- Task item
The response should consist of every line below, restated exactly, with no pictures.

- Stored data
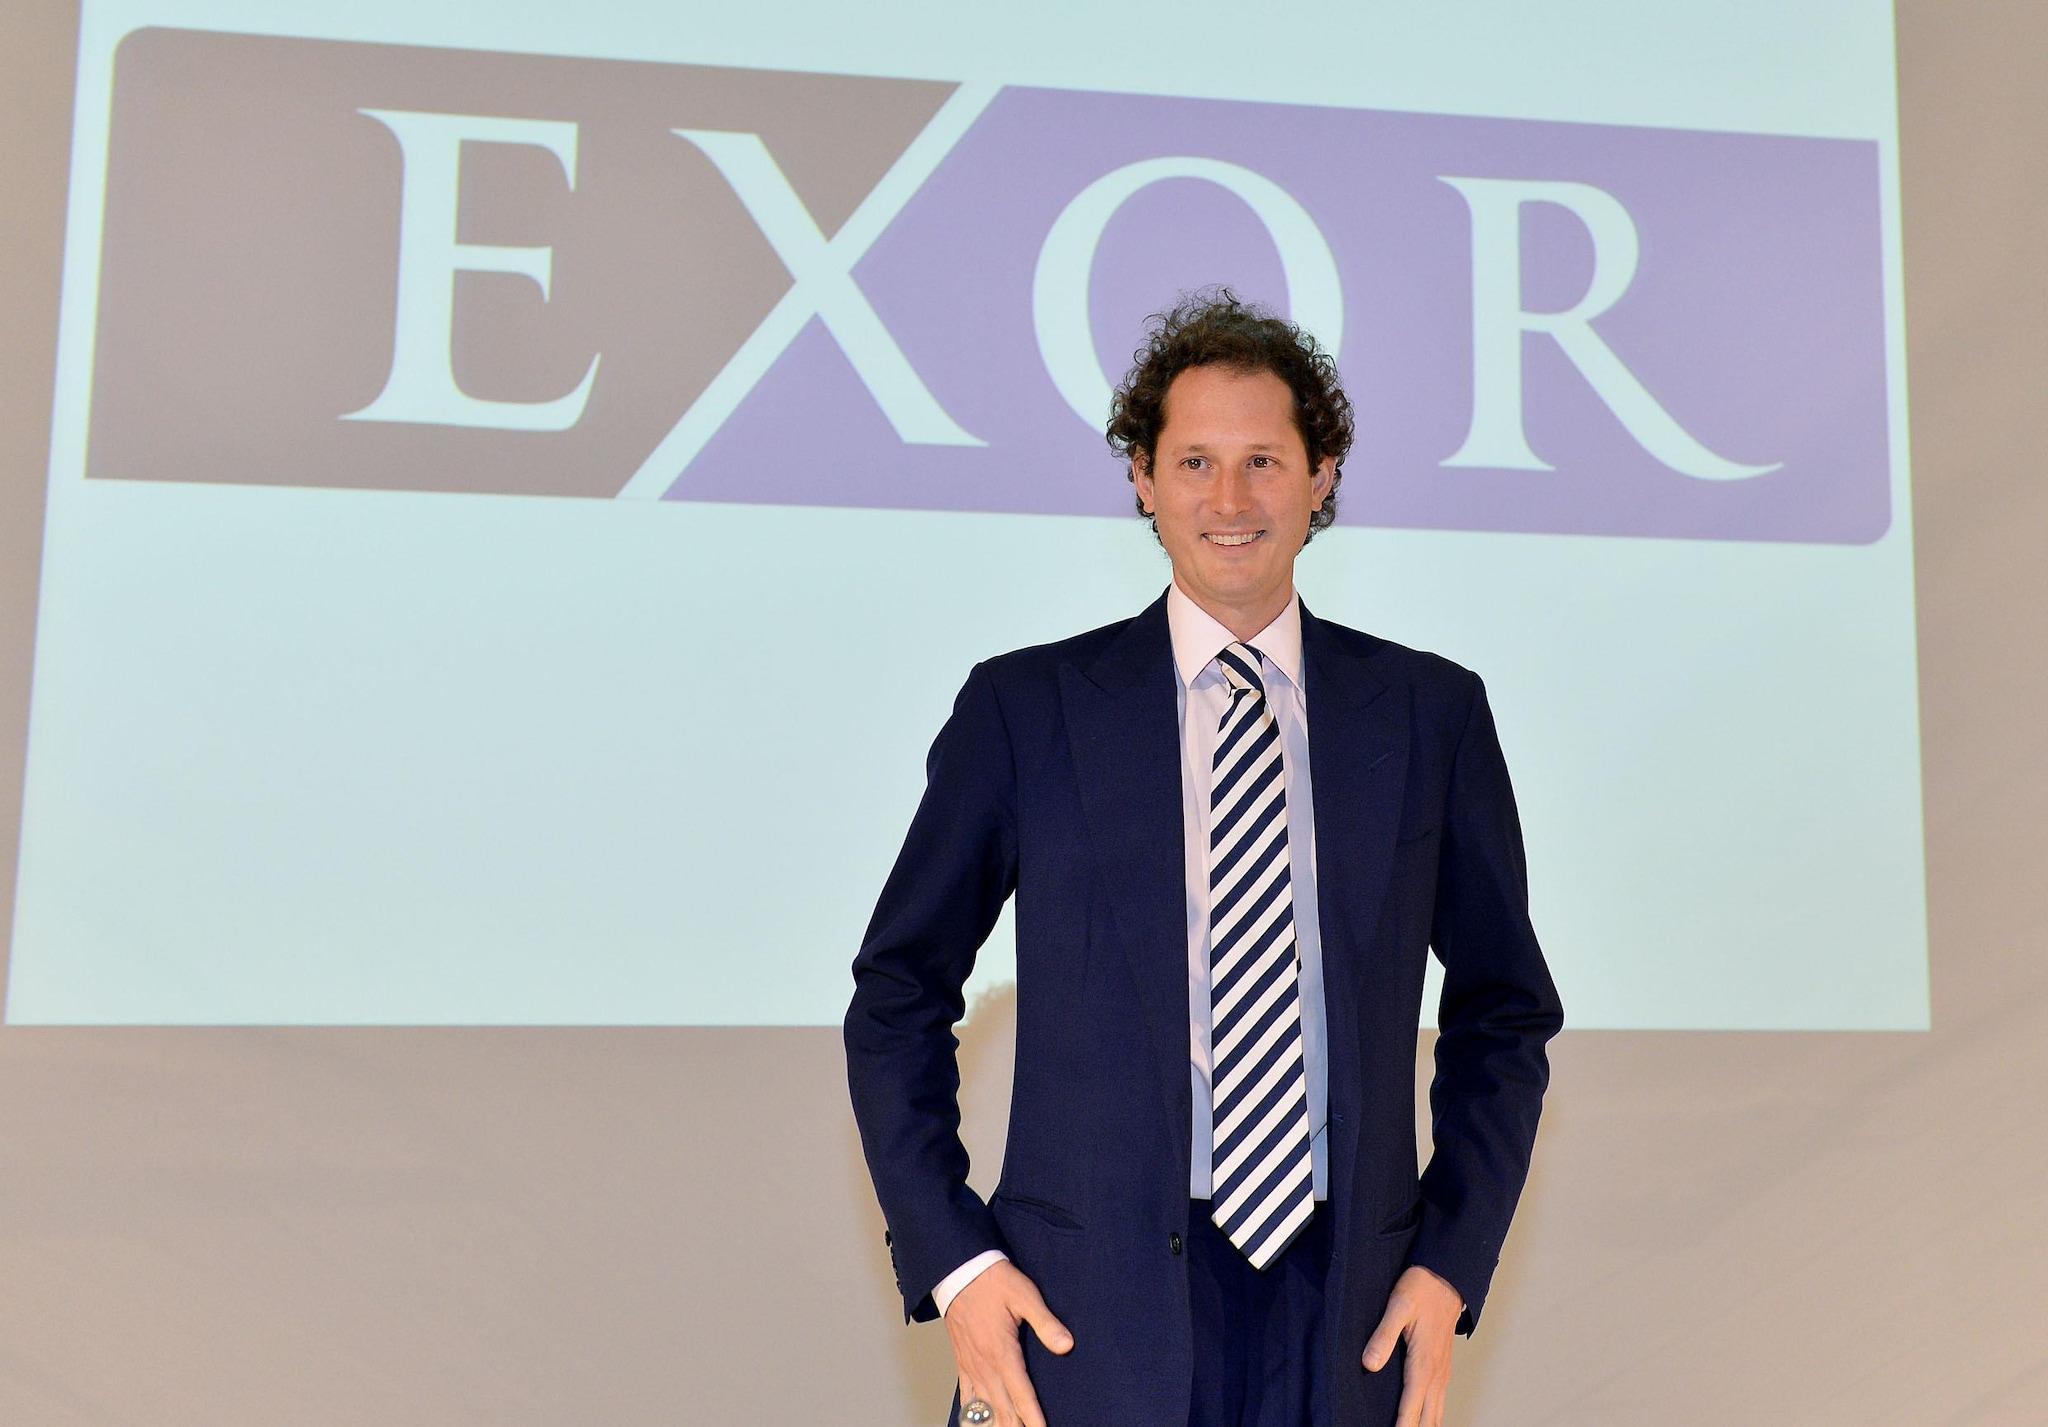 Elkann, Marchionne lascerà Fca nel 2019
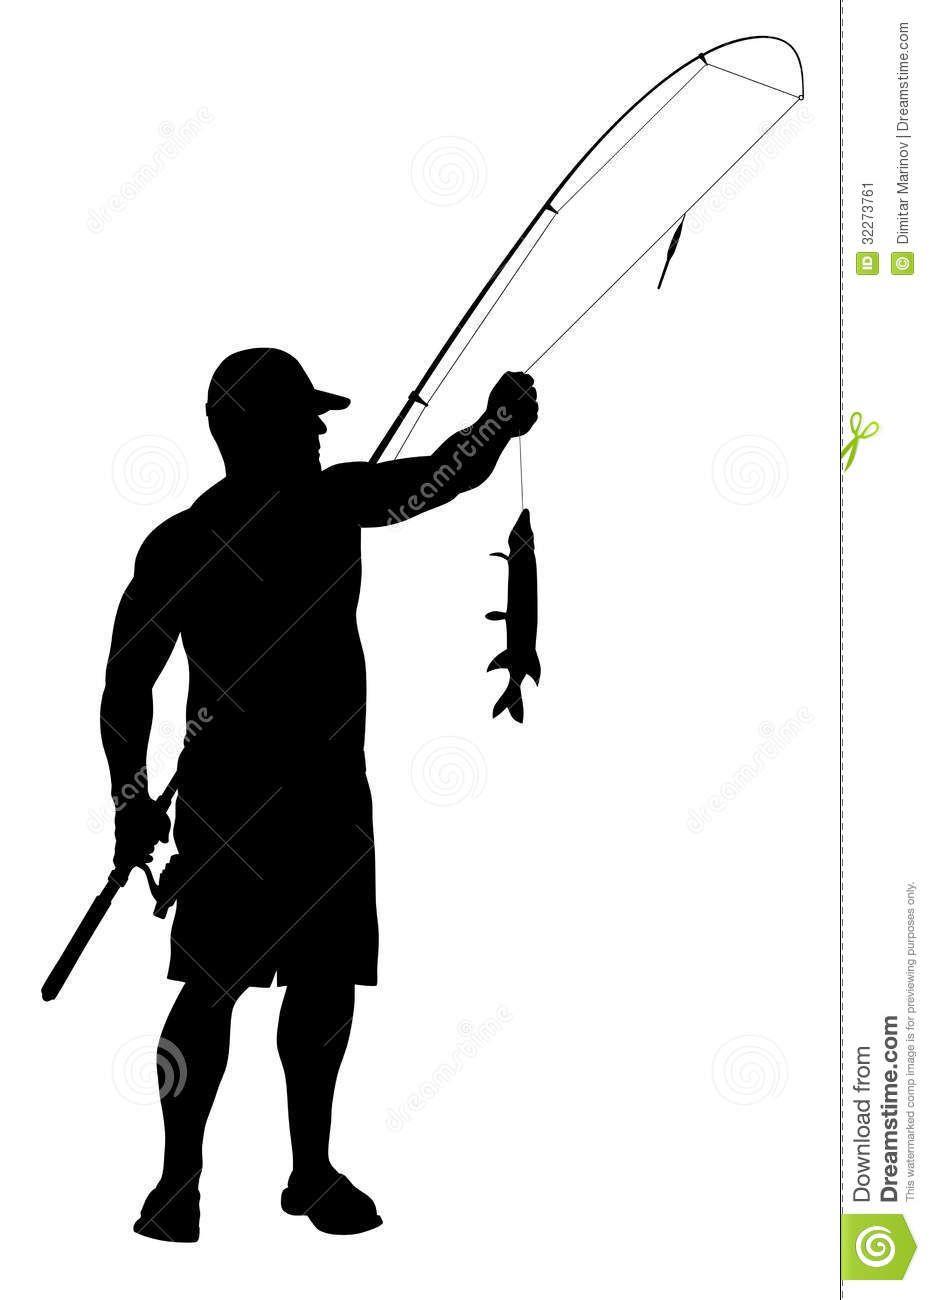 Man Fishing Silhouette.
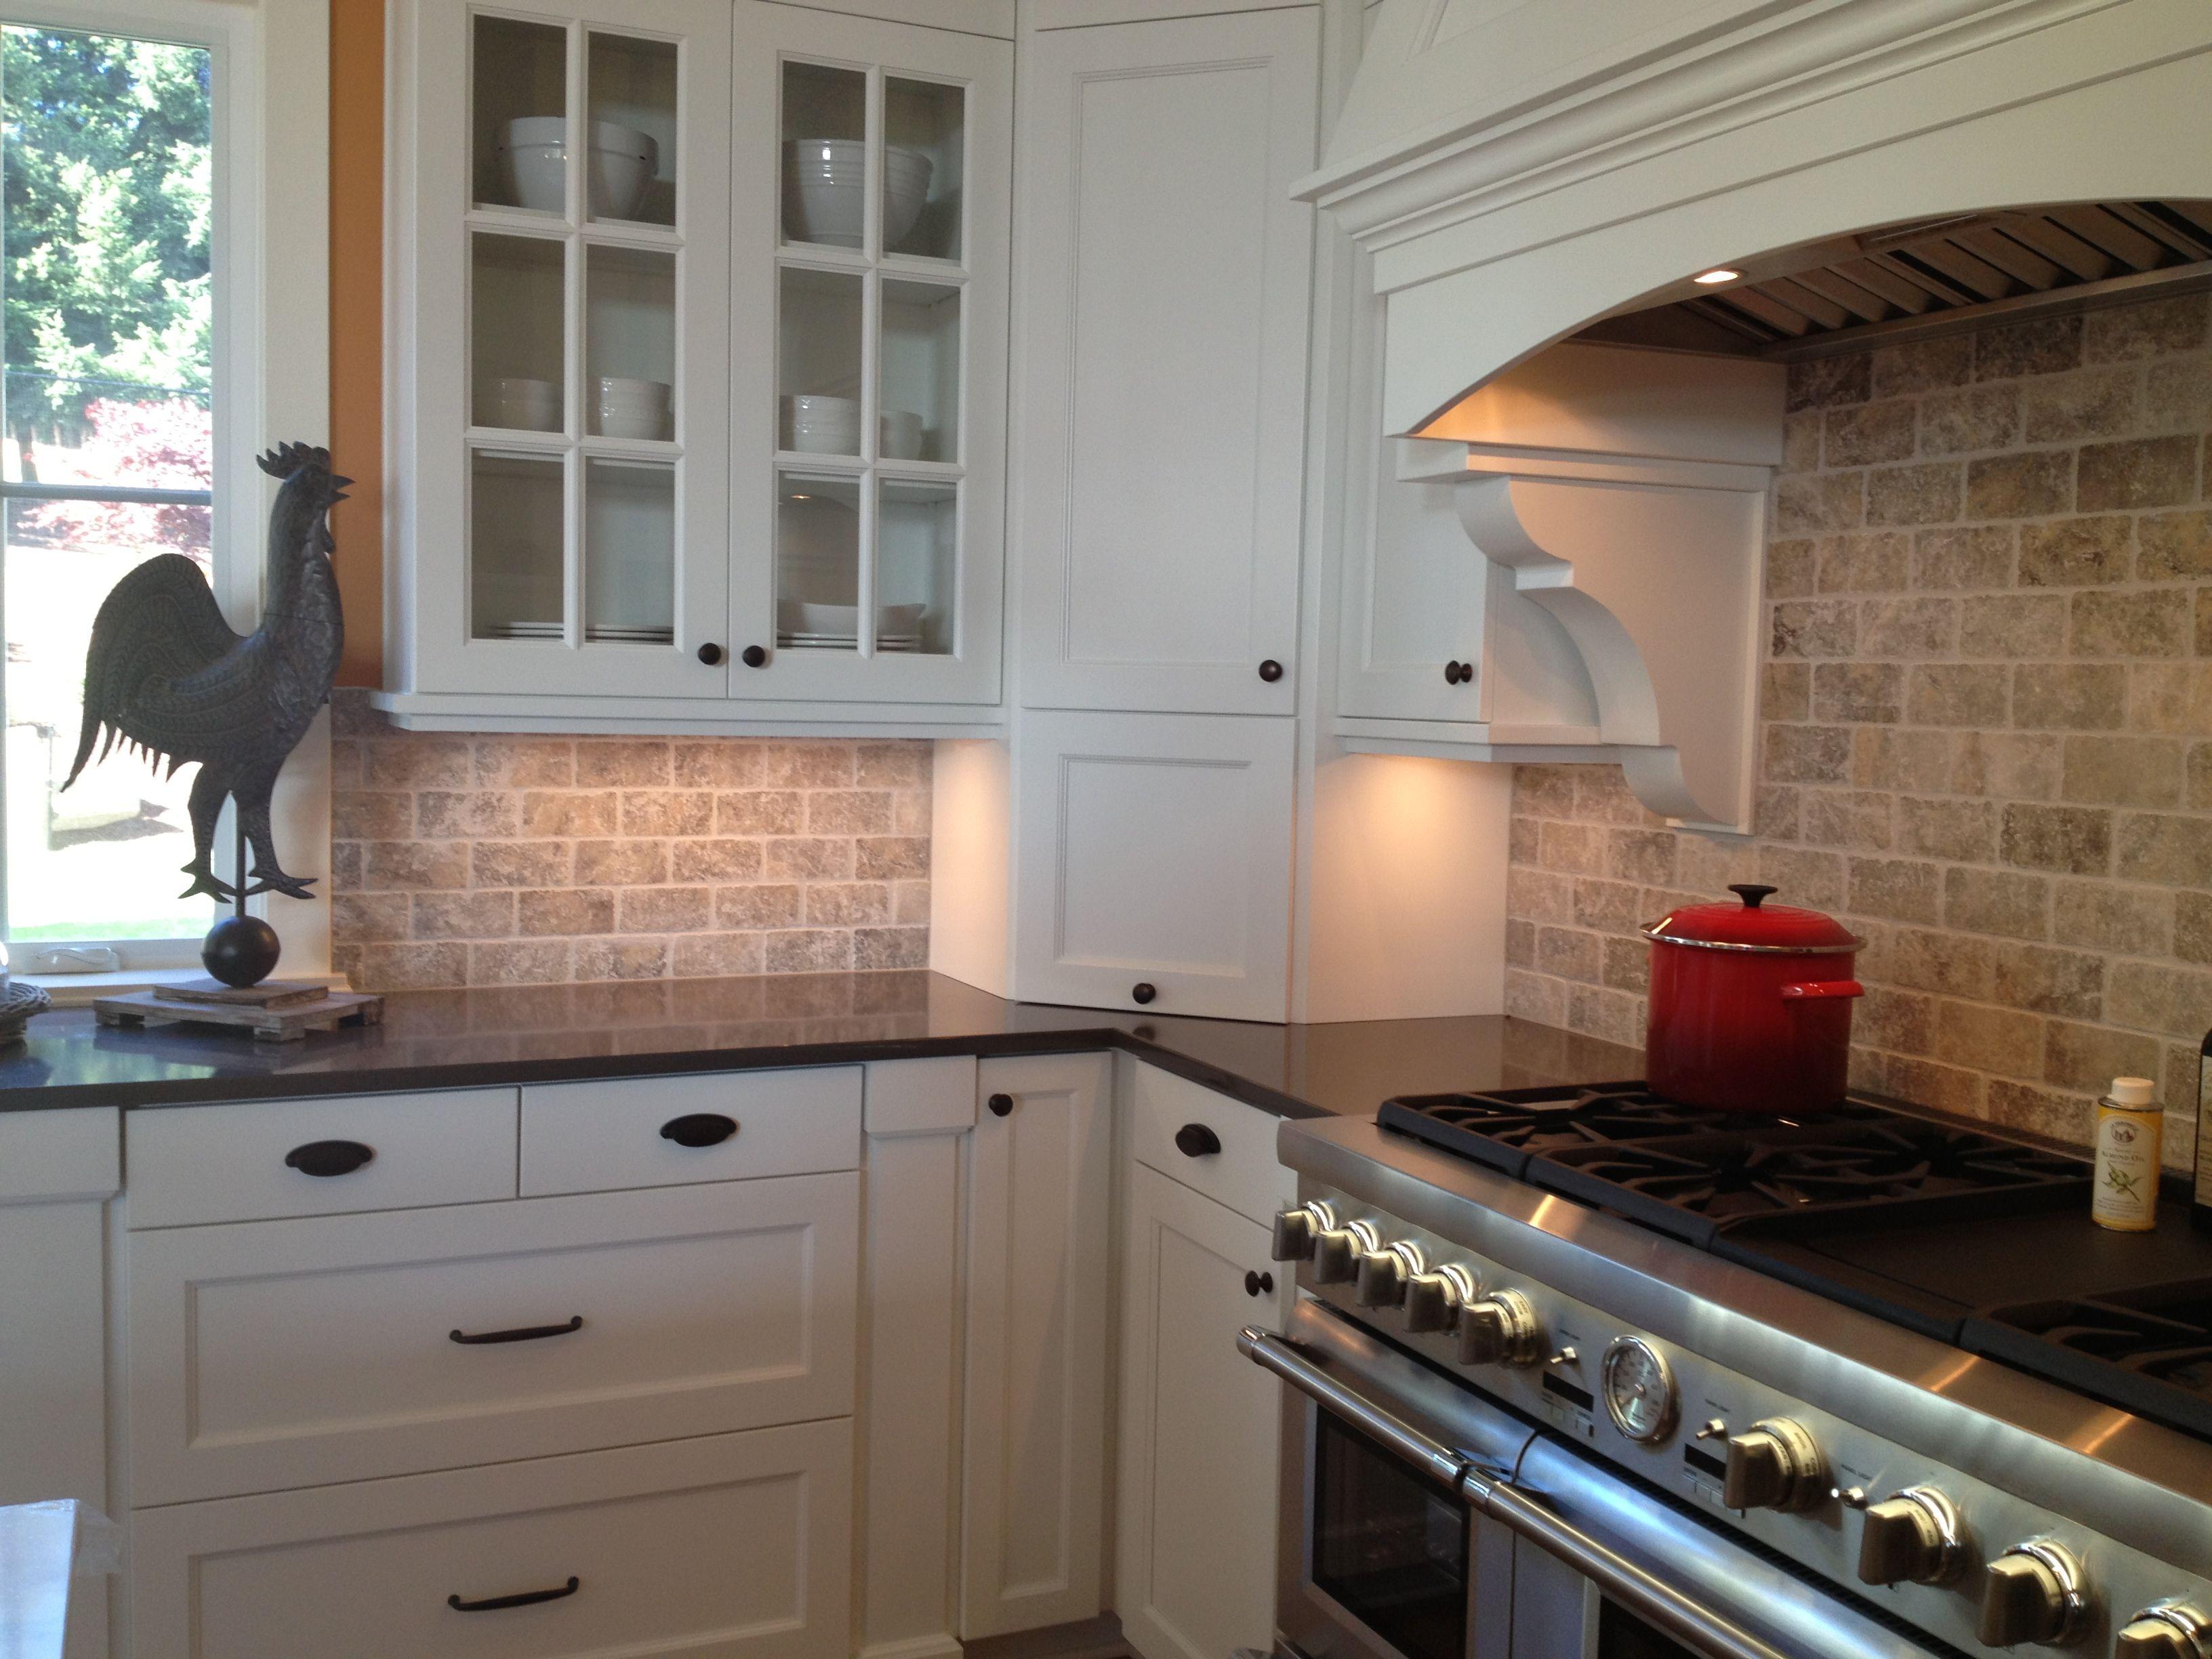 Picture of Kitchen Travertine Backsplash with White ... on Kitchen Backsplash Black Countertop  id=47387

- Result for this exercise
 Elkann, Marchionne lascerà Fca nel 2019
 Man Fishing Silhouette.
 Picture of Kitchen Travertine Backsplash with White ... on Kitchen Backsplash Black Countertop  id=47387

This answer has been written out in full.